Husserl étudie ensuite le statut de l’appréhension « fondatrice » (fundierende) (l’appréhension primaire)
caractéristique d’une représentation d’image et de phantasía par rapport à l’appréhension de perception. Deux
cas de figure se présentent où ces deux appréhensions (et en particulier les apparitions correspondantes) ne sont
pas discernables :
1. Dans le cas de l’imagination médiatisée par des images physiques (« physische Bilder » – c’est-à-dire par
cela même qui sert de support physique), nous constatons que sans la fonction imaginative, l’apparition de l’objet-
image fondateur (fundierend) a le caractère d’une apparition de perception (l’objet-image apparaît comme
présent sans qu’il soit pour autant tenu pour réel (wirklich)).

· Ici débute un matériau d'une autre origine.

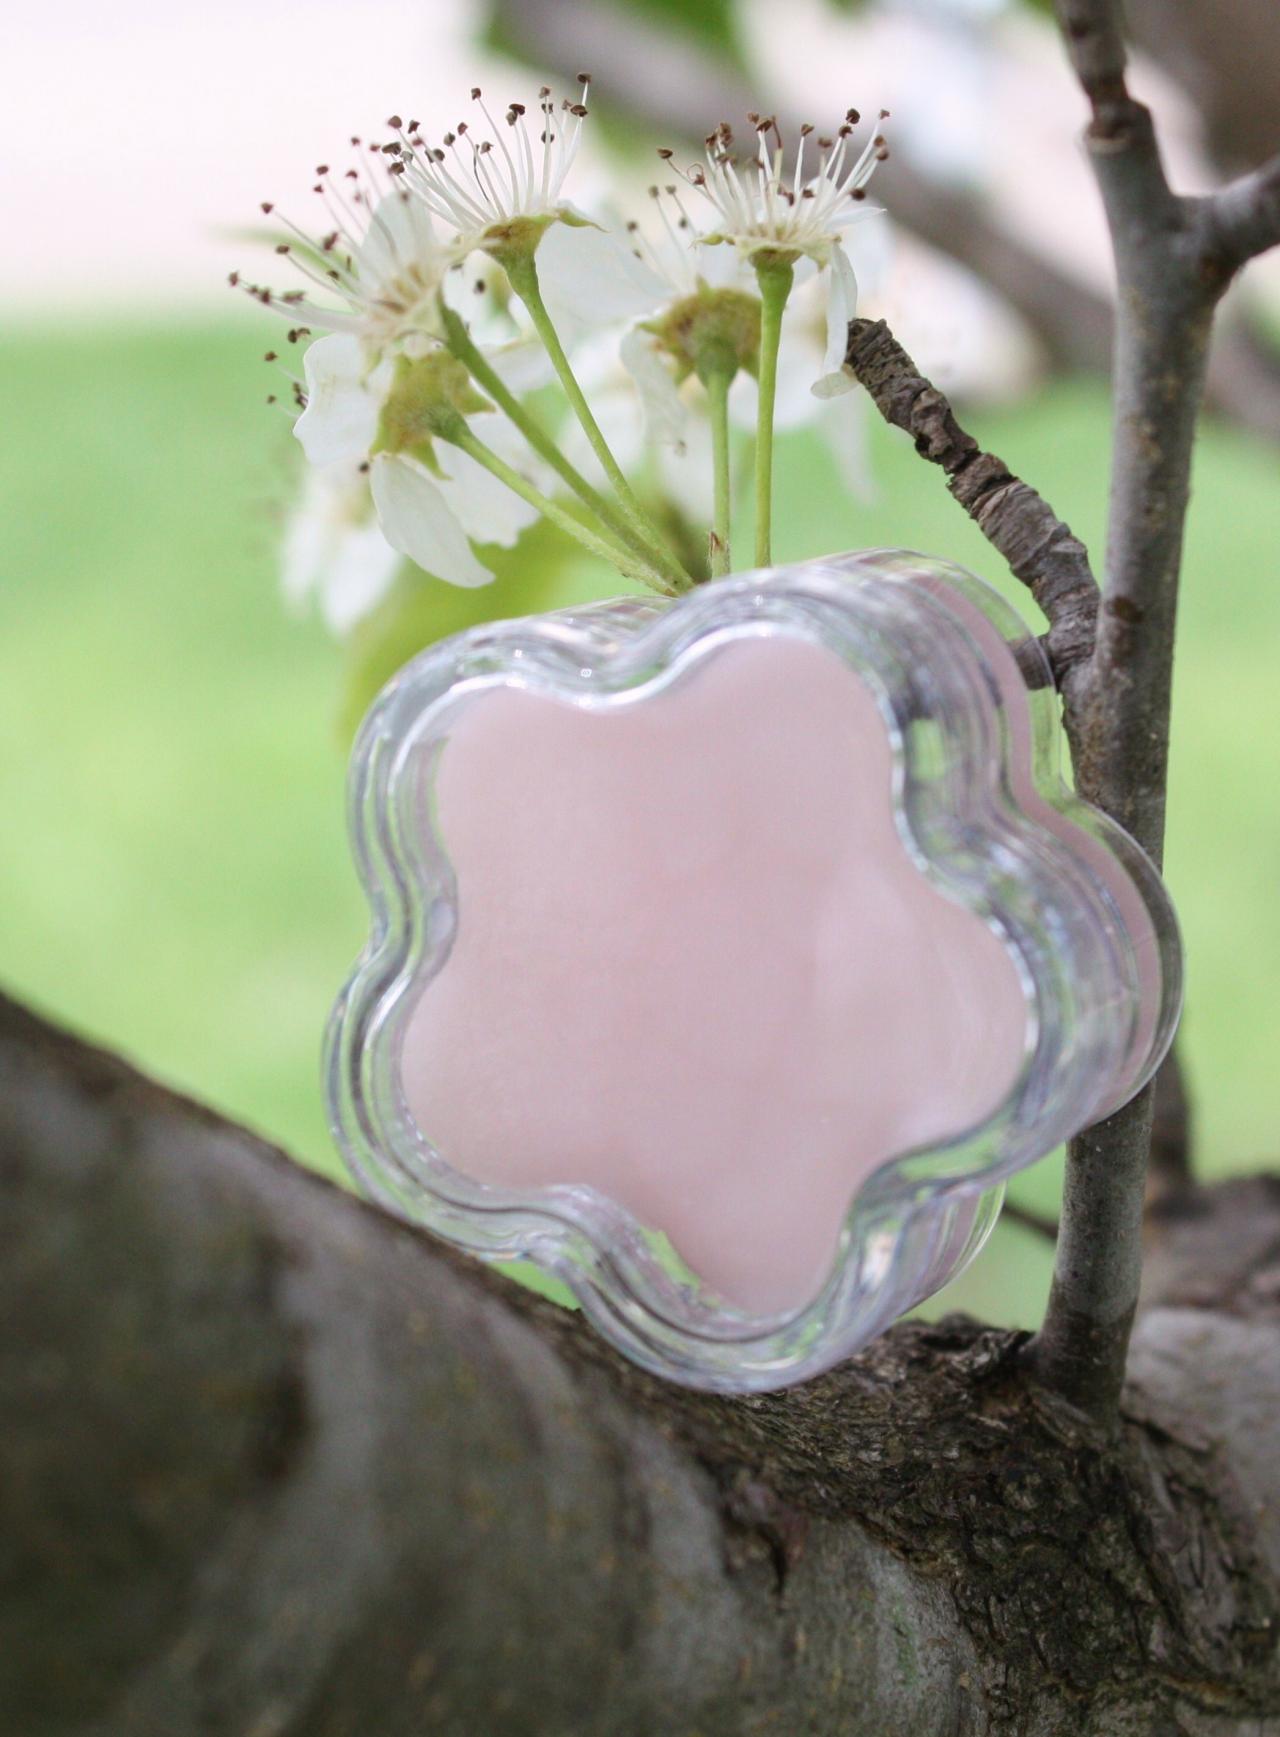 Cherry Blossom Solid Perfume
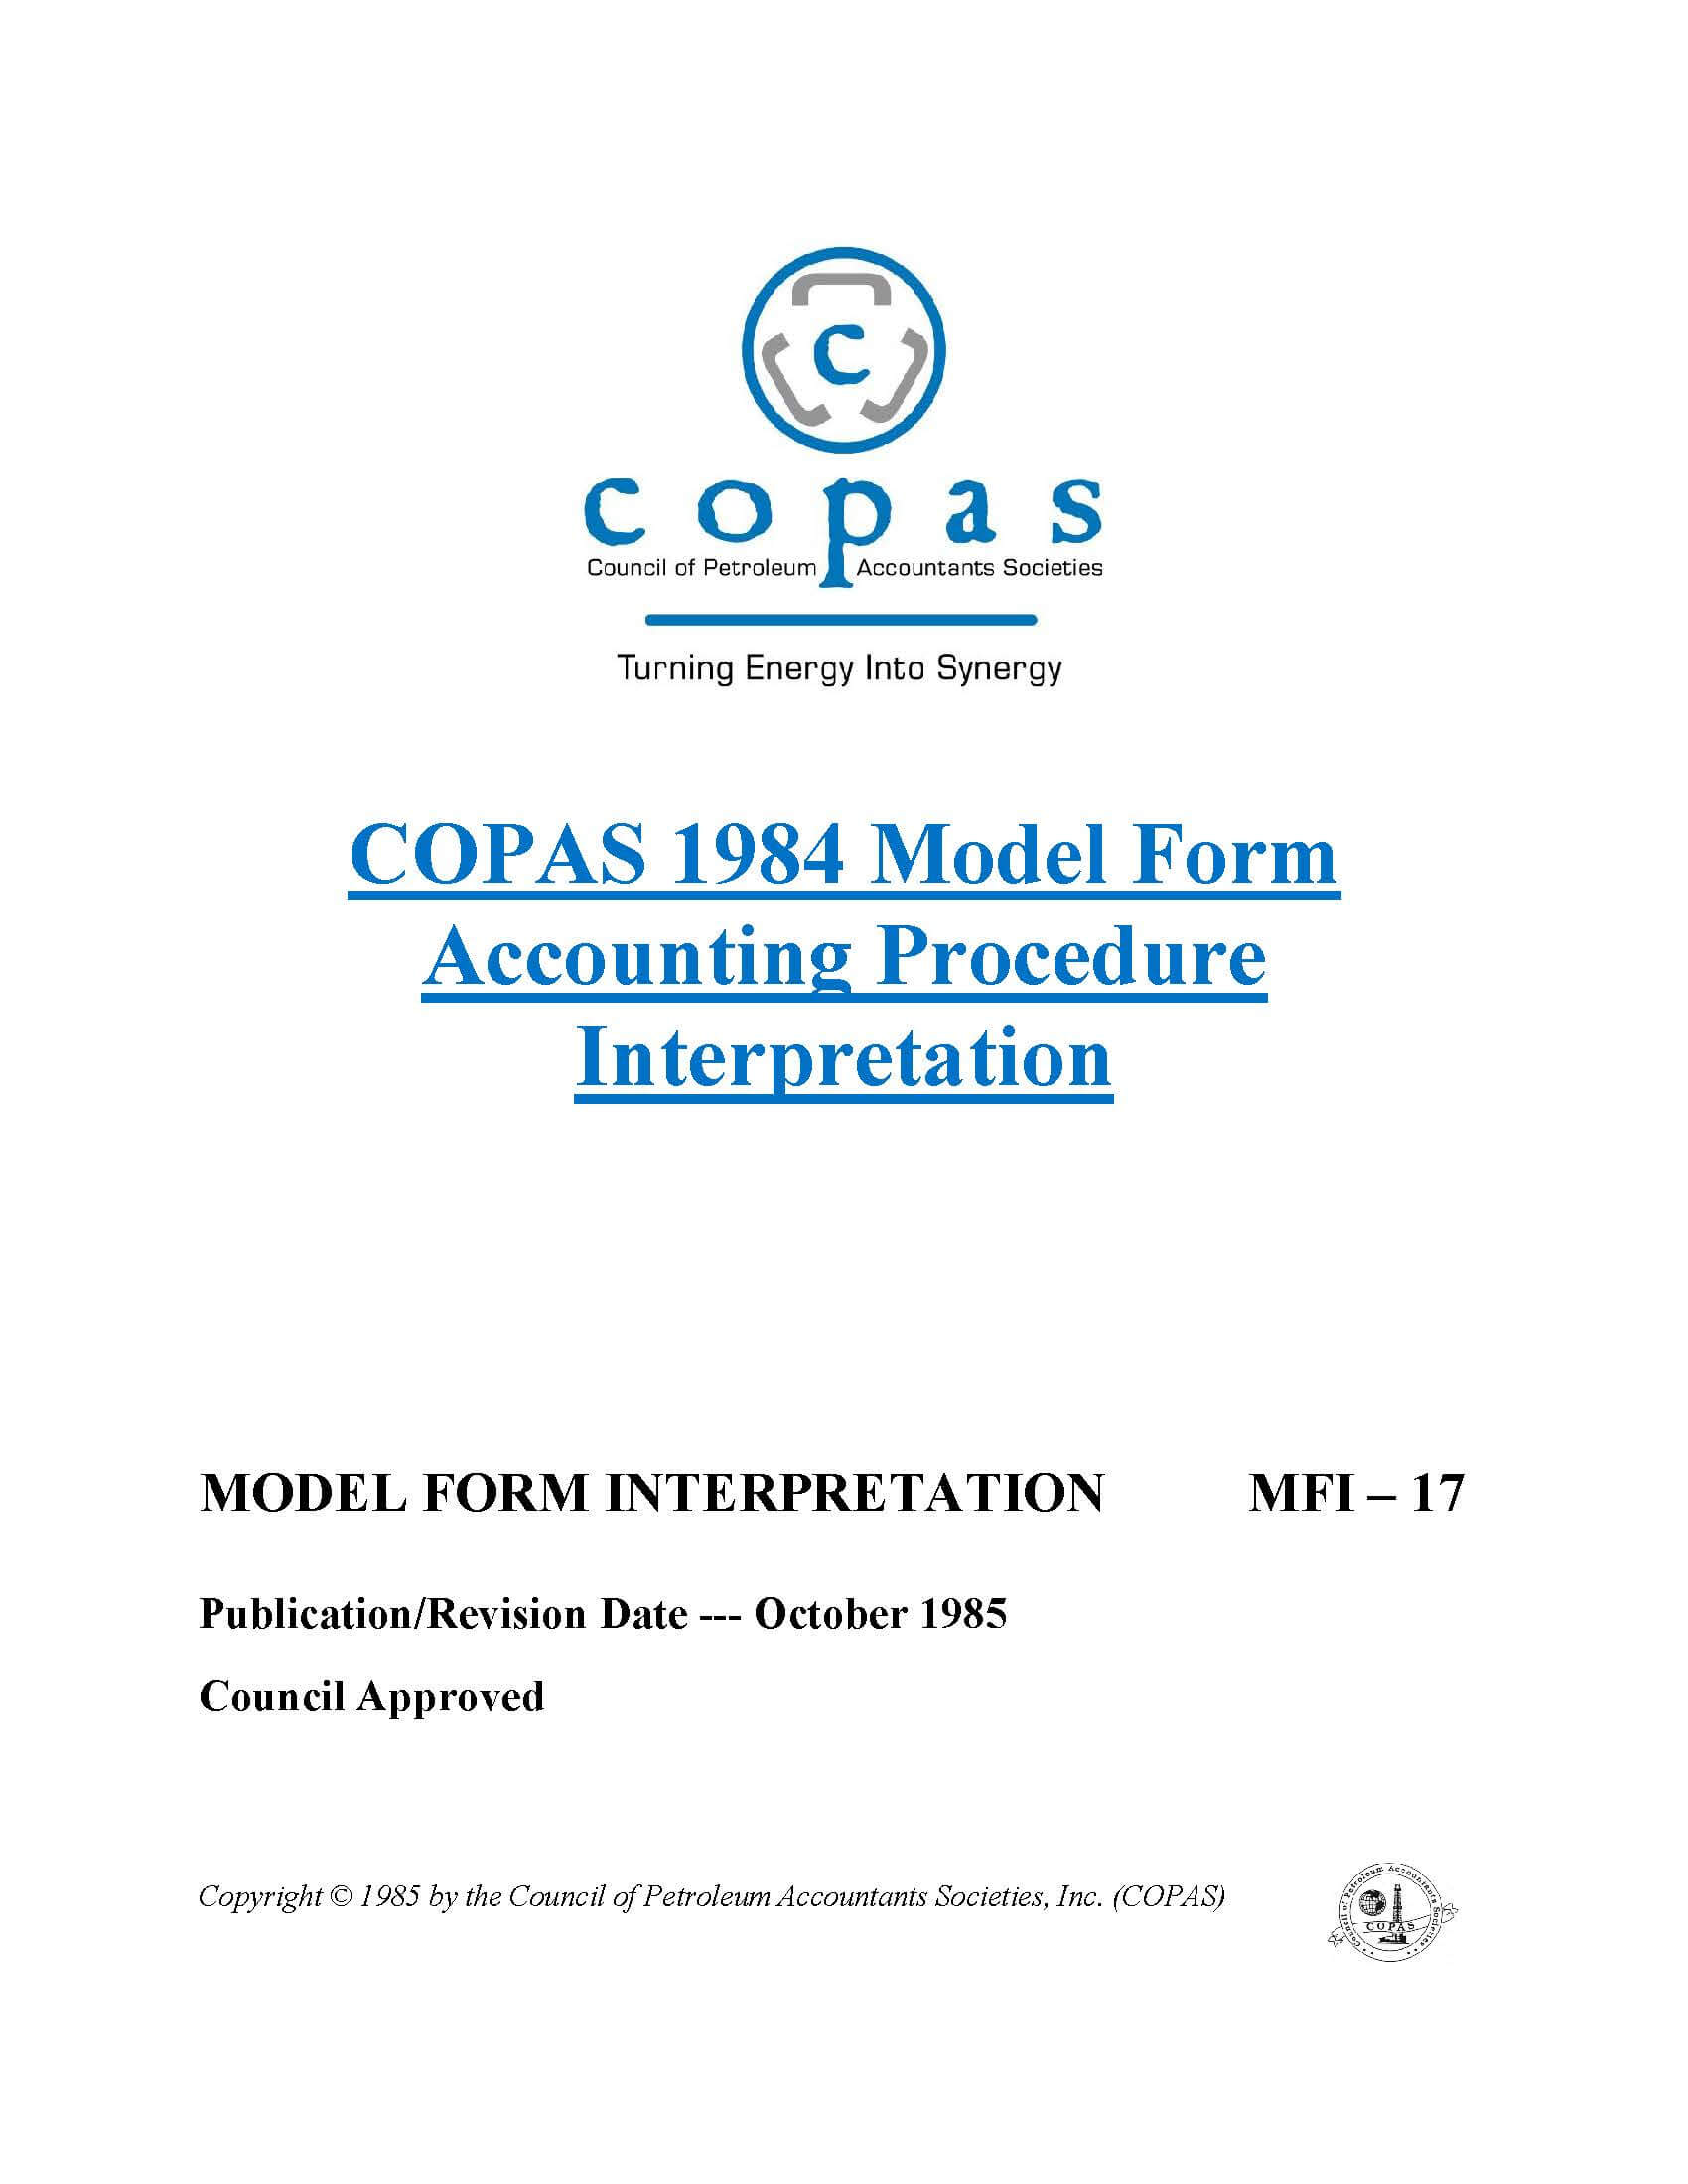 MFI-17 1984 Model Form Accounting Procedure Interpretation - products MFI 17 1984 Model Form Accounting Procedure Interpretation - Council of Petroleum Accountants Societies

2. Si l’imagination n’est pas médiatisée par des images physiques (scil. dans le cas de la phantasía et du
souvenir), il n’y a pas non plus de différence entre les apparitions de la phantasía et celles de la perception, en
particulier s’il s’agit de visions, d’hallucinations (qui, pour Husserl, ne relèvent d’ailleurs pas de la phantasía), de
rêves, de rêves éveillés, etc.
À travers ces ébauches (des paragraphes 19 et 20, Husserliana XXIII, p. 40-42) – même si ells ne décrivent que
des « cas limites » – transparaît ainsi pour la première fois cette « chose nouvelle, révolutionnaire, qu’apporte ici
Husserl » (et que nous approfondirons par la suite) selon laquelle « la phantasía, et les phantasíai, ne sont pas,
tout au moins intrinsèquement (...), des images, mais directement, des apparitions (...) ».